EXERCISE AIM:
Leaving out all pictures, copy the lines below exactly, from the line with "This Vernon Panton" to the last line, both ends included.

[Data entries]
################
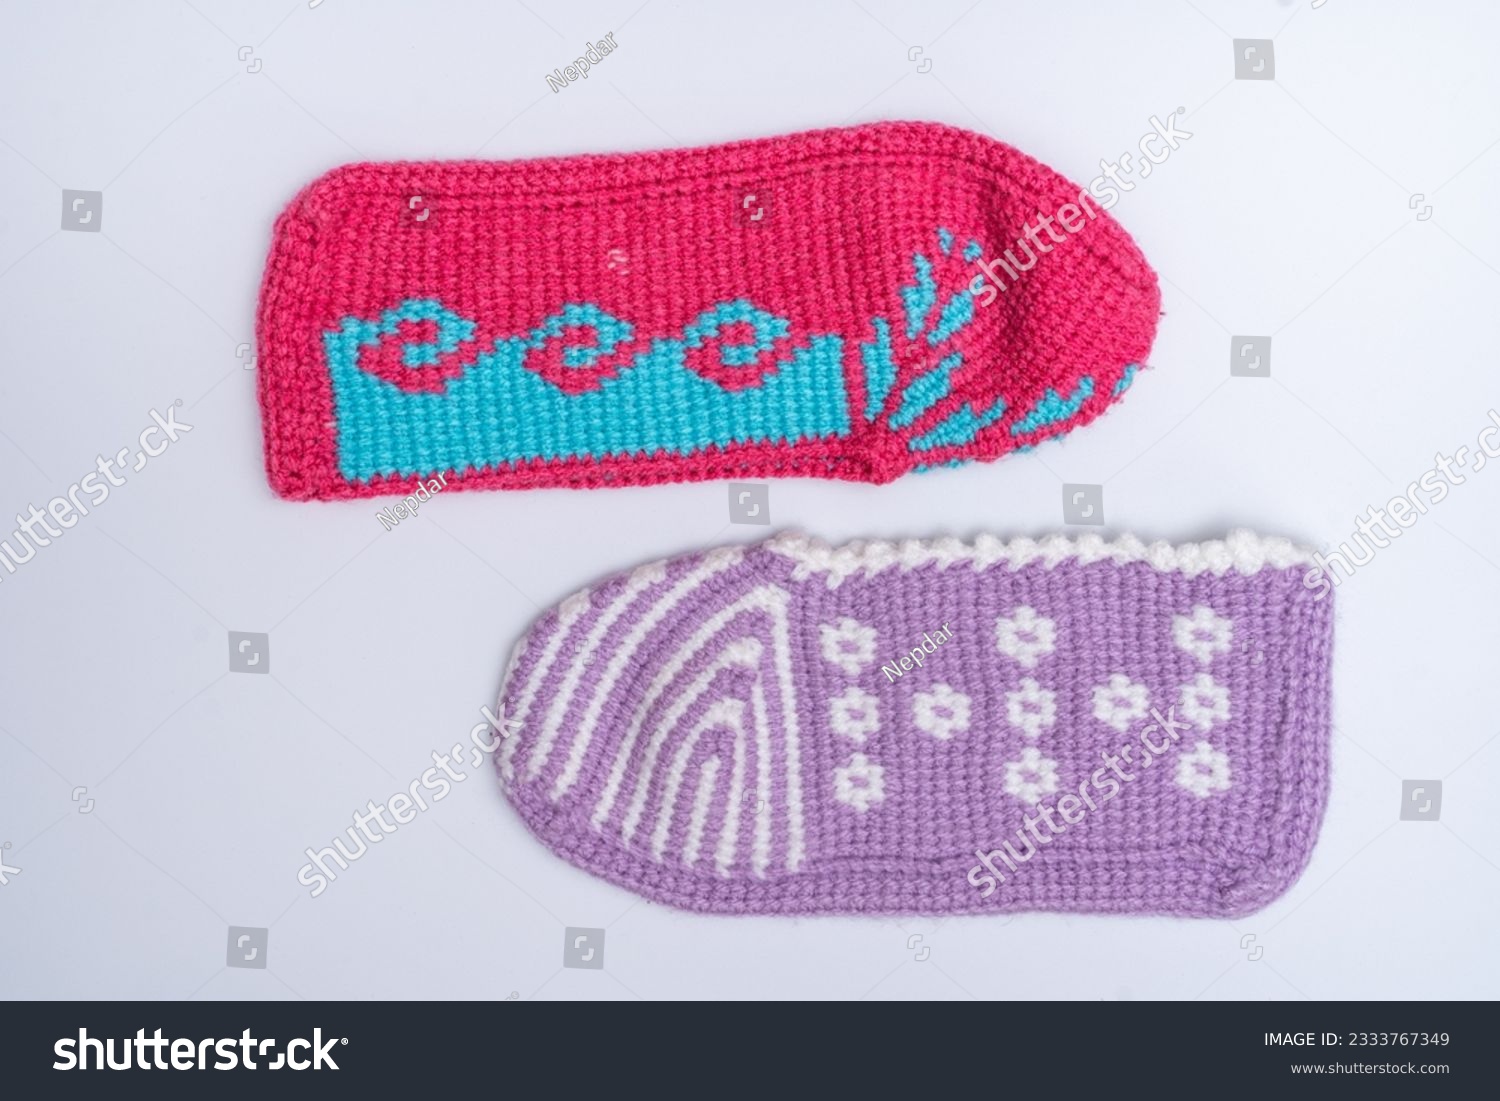 winter knitted socks.
Wool knit booties decorated with Anatolian motifs #2333767349
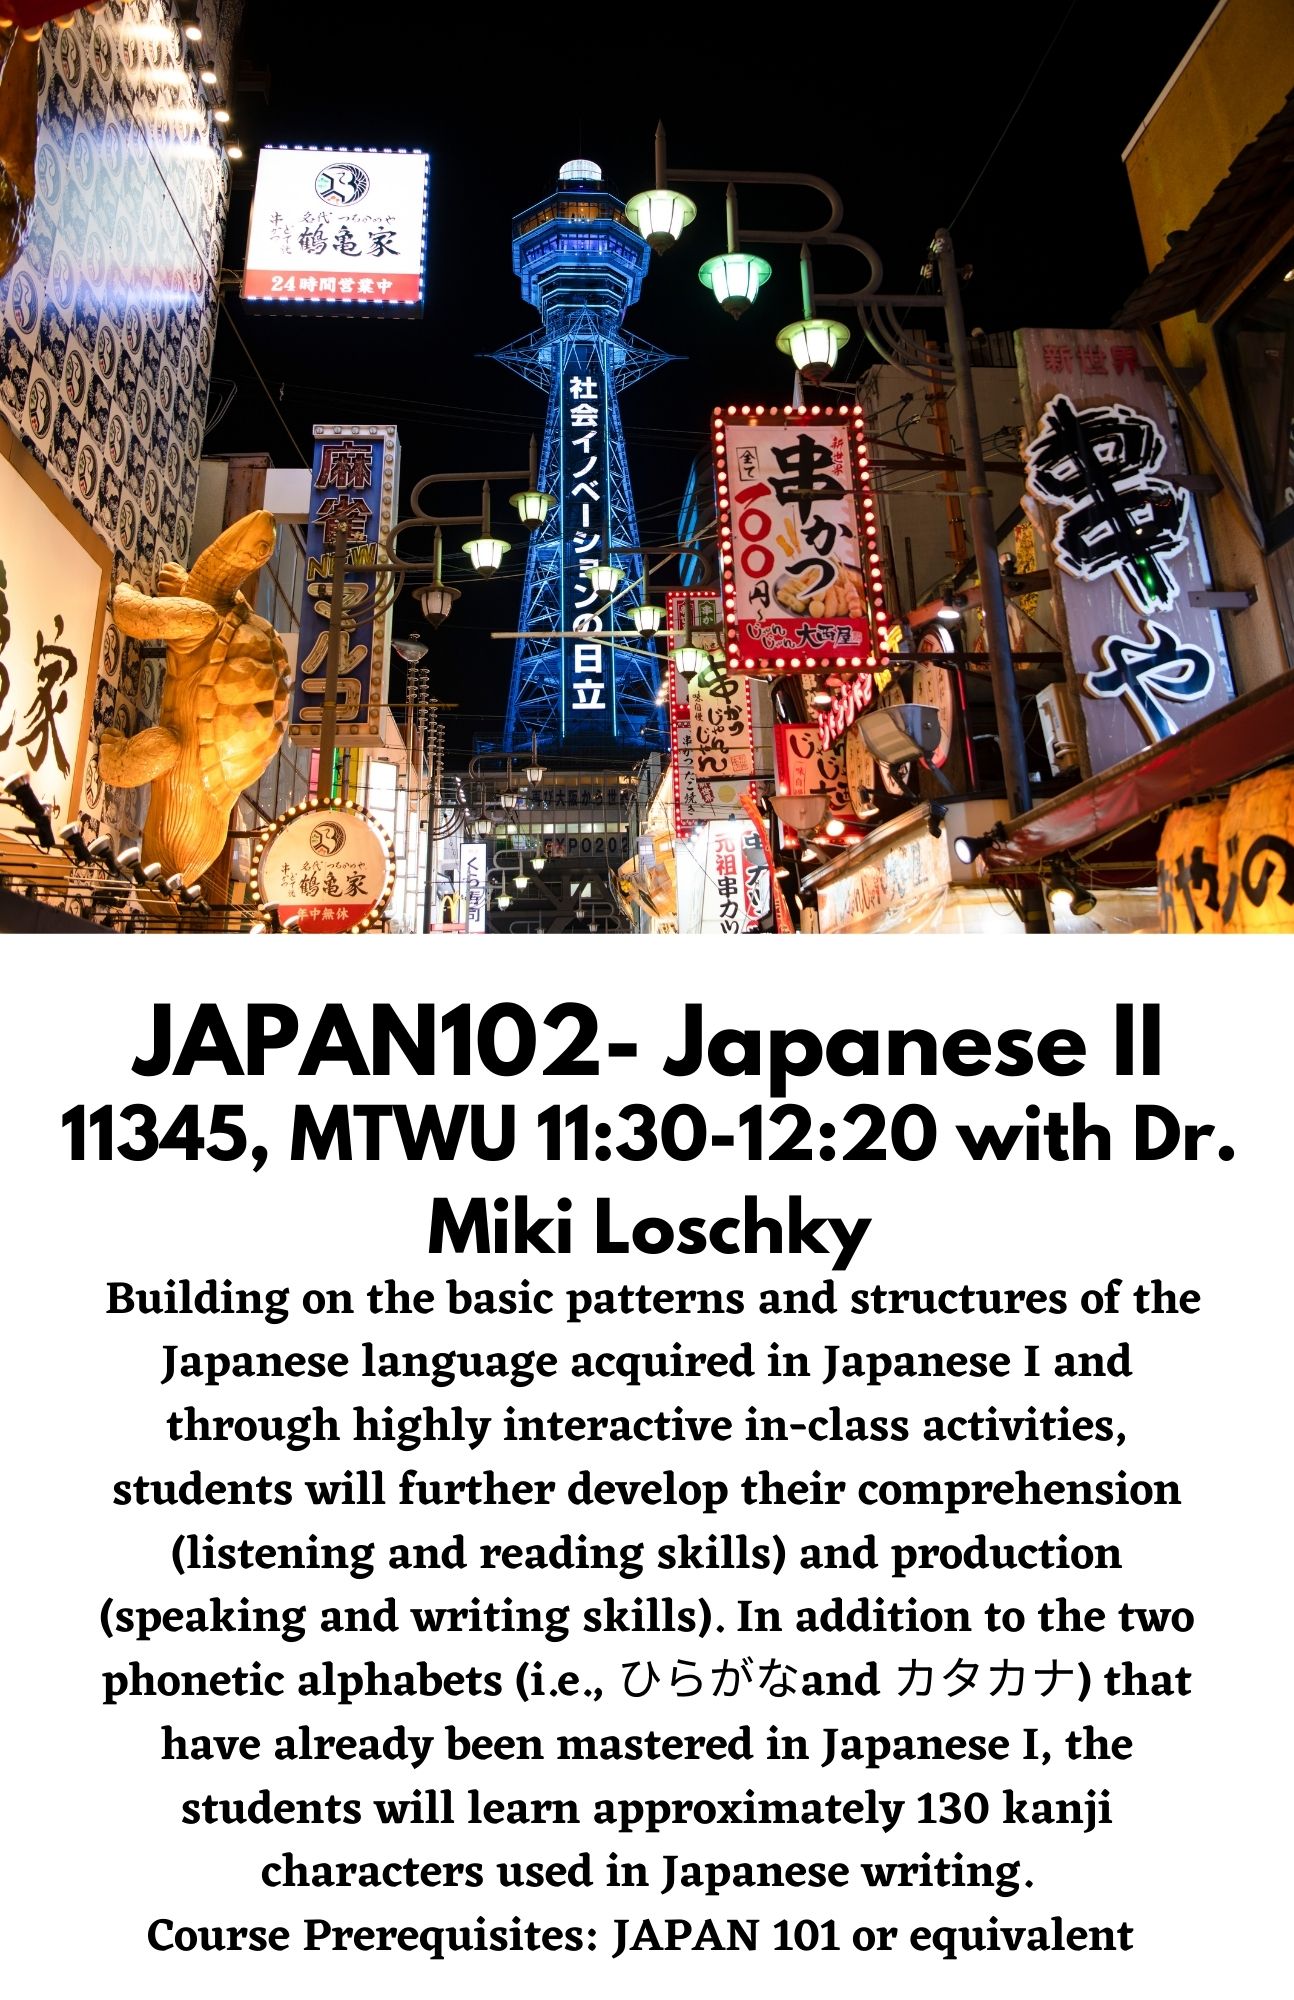 JAPAN102- Japanese II. 11345, MTWU 11:30-12:20 with Dr. Miki Loschky. Building on the basic patterns and structures of the Japanese language acquired in Japanese I and through highly interactive in-class activities, students will further develop their comprehension (listening and reading skills) and production (speaking and writing skills). In addition to the two phonetic alphabets (i.e., ひらがなand カタカナ) that have already been mastered in Japanese I, the students will learn approximately 130 kanji characters used in Japanese writing. Course Prerequisites: JAPAN 101 or equivalent
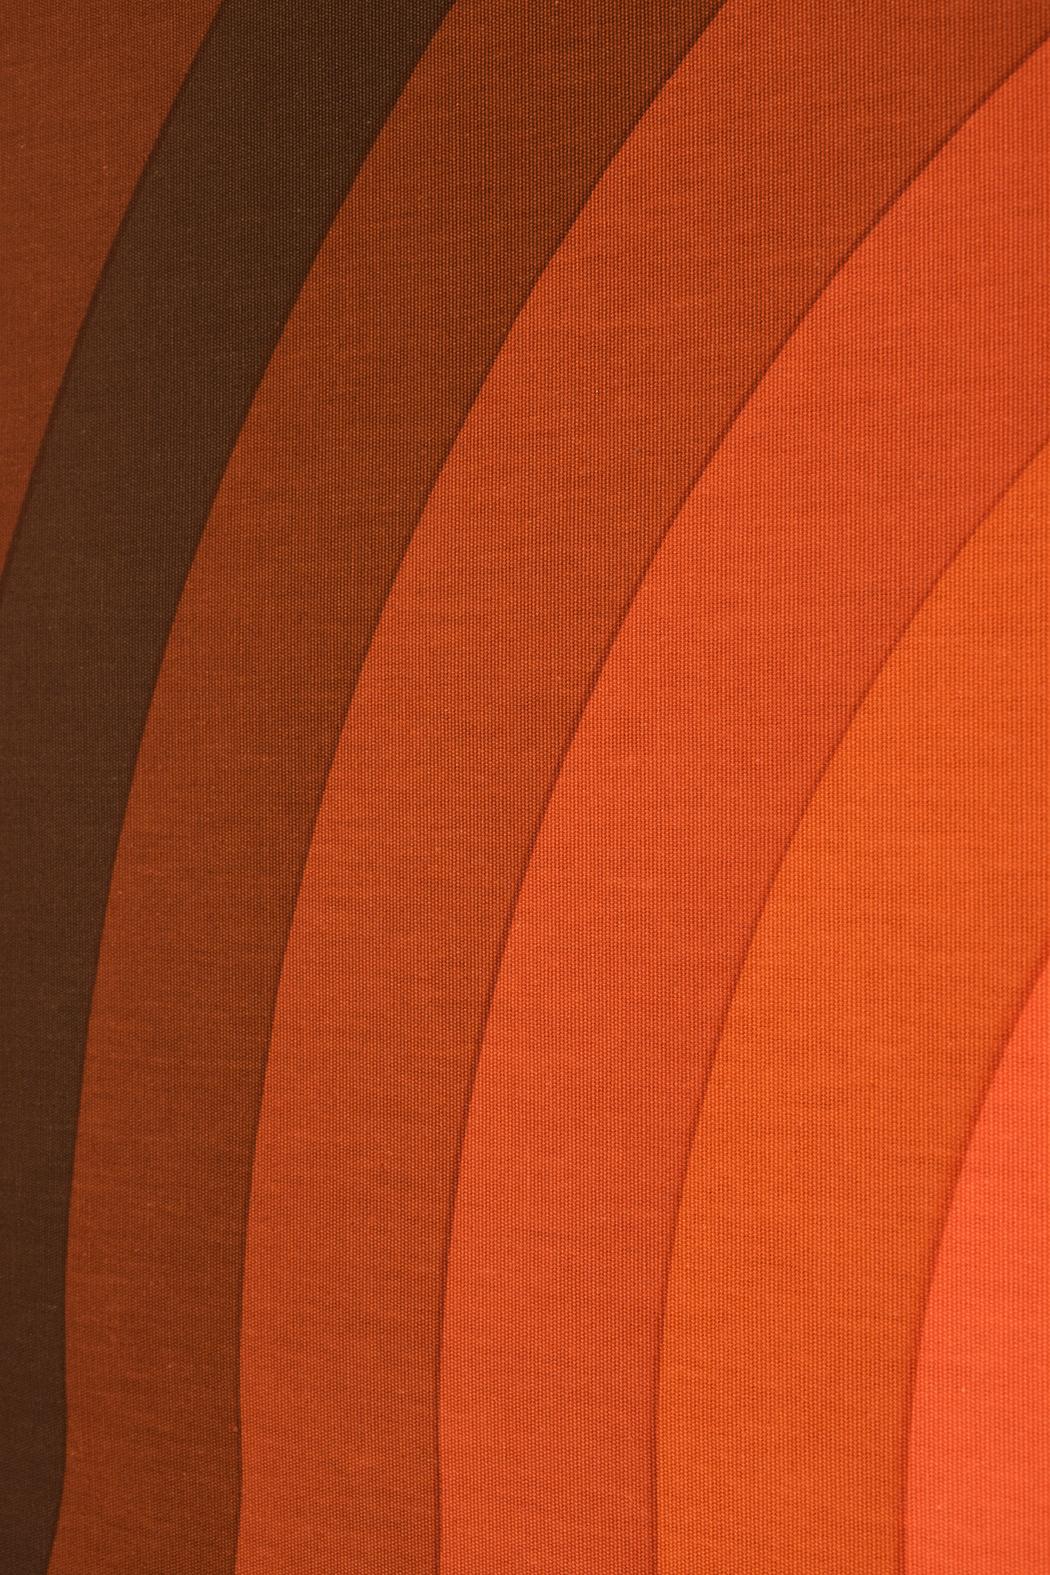 This Vernon Panton Art Wall Decor by Mira is part of her Art Textile Collection and has a multi-colored wave design. This piece has a multi-layer color design with a retro color palette synonymous with the '70s. This Modern Textile Wall Decor is
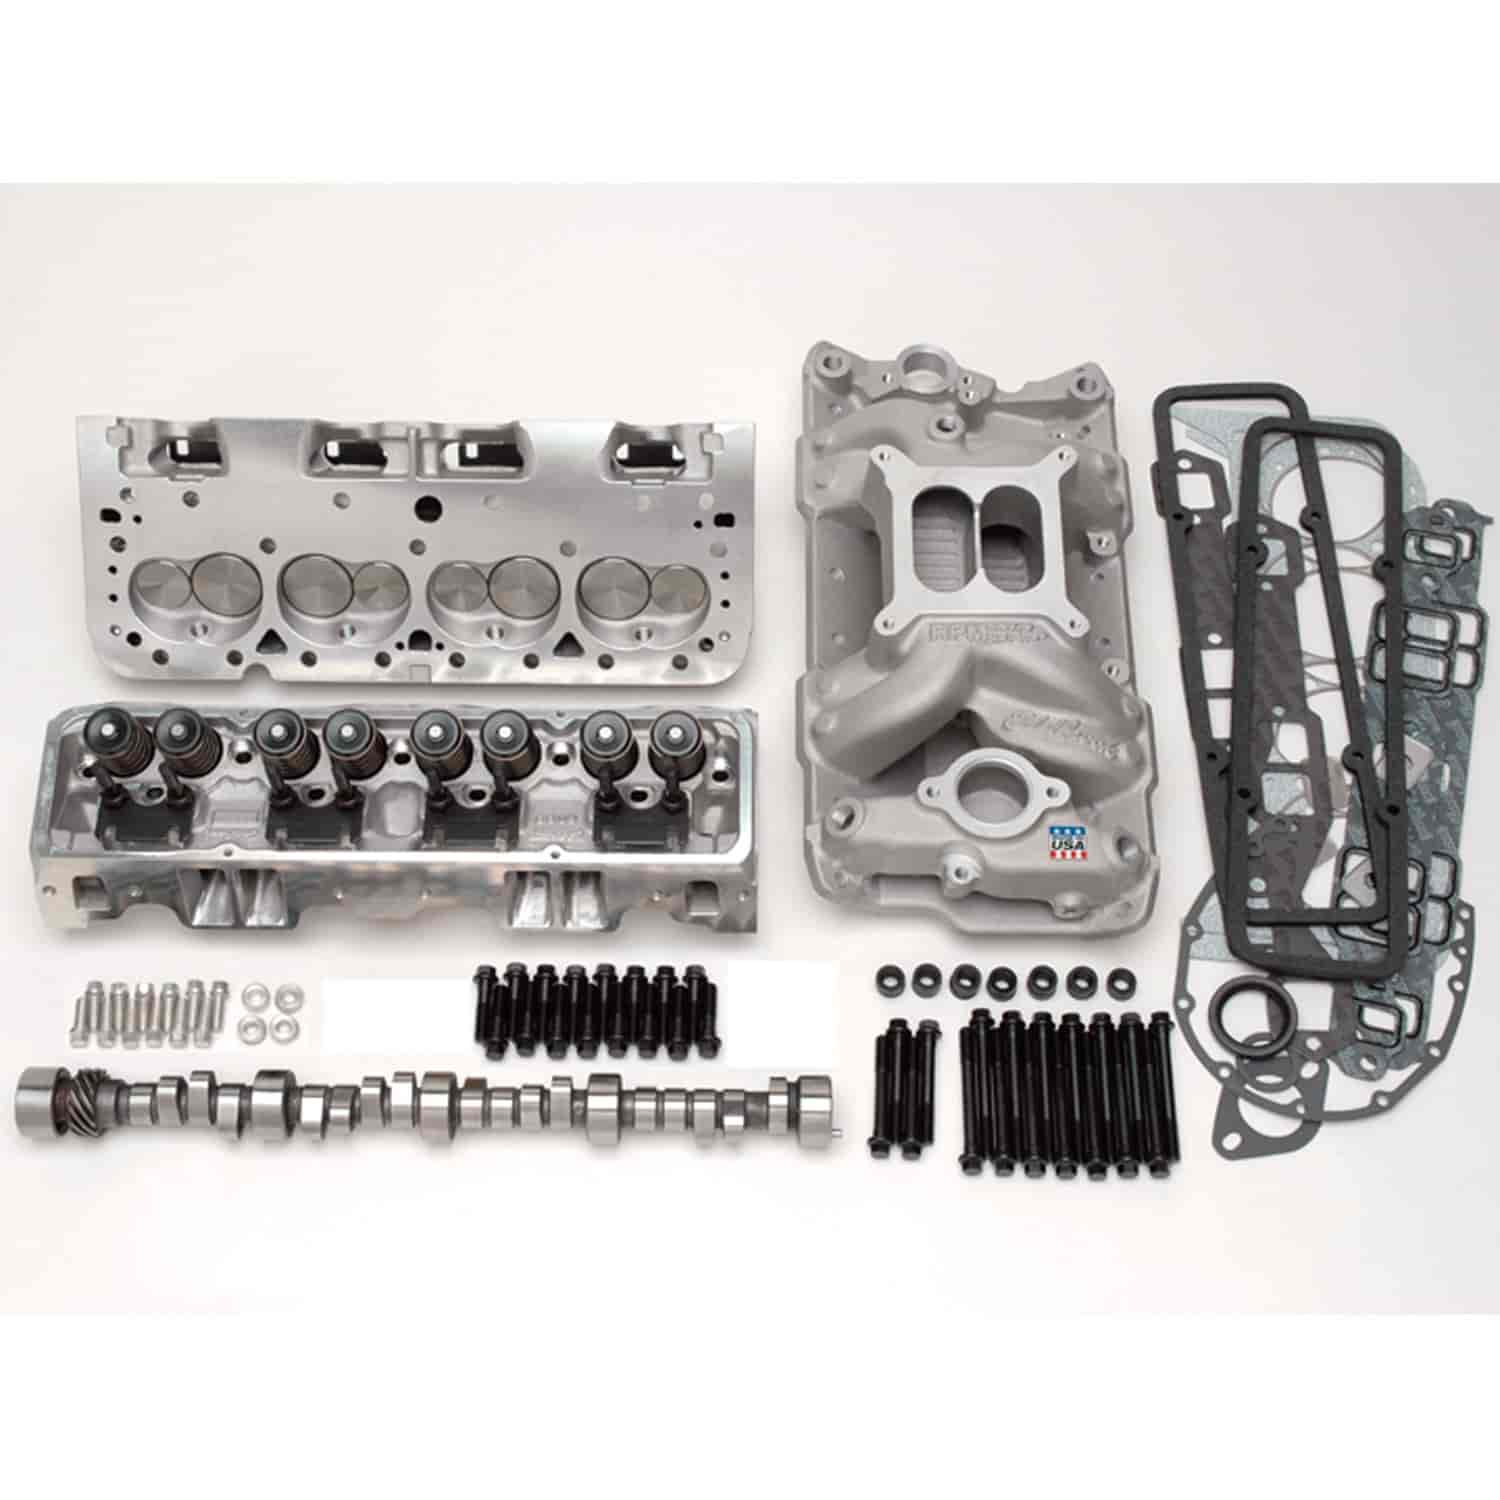 RPM Power Package Kit for 1957-1986 Small Block
################
REPLY TO THE TASK:
 This Vernon Panton Art Wall Decor by Mira is part of her Art Textile Collection and has a multi-colored wave design. This piece has a multi-layer color design with a retro color palette synonymous with the '70s. This Modern Textile Wall Decor is
 RPM Power Package Kit for 1957-1986 Small Block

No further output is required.